Back to the PCB, there was (IIRC) enough indication of which bank of memory
was for sprites. I located what appeared to be the chip for that bit
position, unsoldered it and replaced it with a socket and new RAM chip.
Fired it up and - lo and behold - no more corruption!!!
Anyway, the point of this ramble is that perhaps doing the same in the Coco
MESS driver might be an option - at least it might _prove_ it's a RAM
problem if you can reproduce the same garbled graphics???

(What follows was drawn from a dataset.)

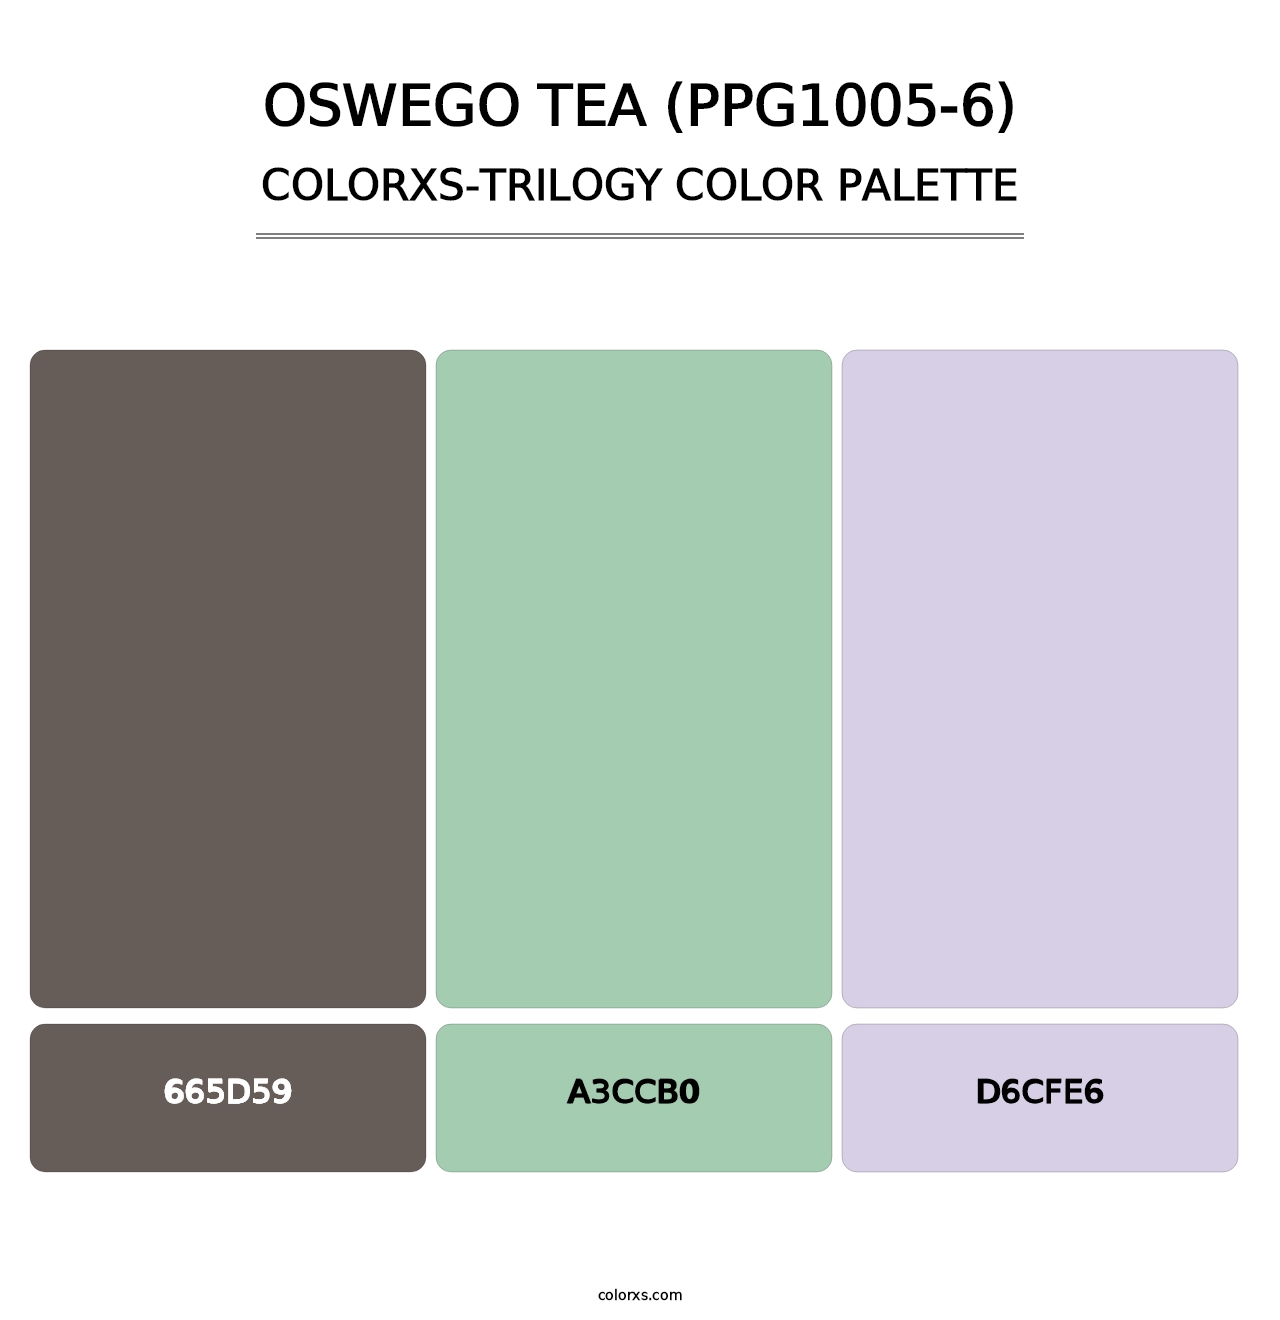 Oswego Tea (PPG1005-6) - Colorxs Trilogy Palette

I'd give it a go myself but I'm about to head off to work... maybe later if
you're still having problems???
BTW when you checked for loose chips, did you press down _quite firmly_ on
each socketed chip? "Loose" doesn't mean "I can wiggle it when I touch it"
in this case.
Regards,
--
| Mark McDougall | "Electrical Engineers do it
| <http://members.iinet.net.au/~msmcdoug> | with less resistance!"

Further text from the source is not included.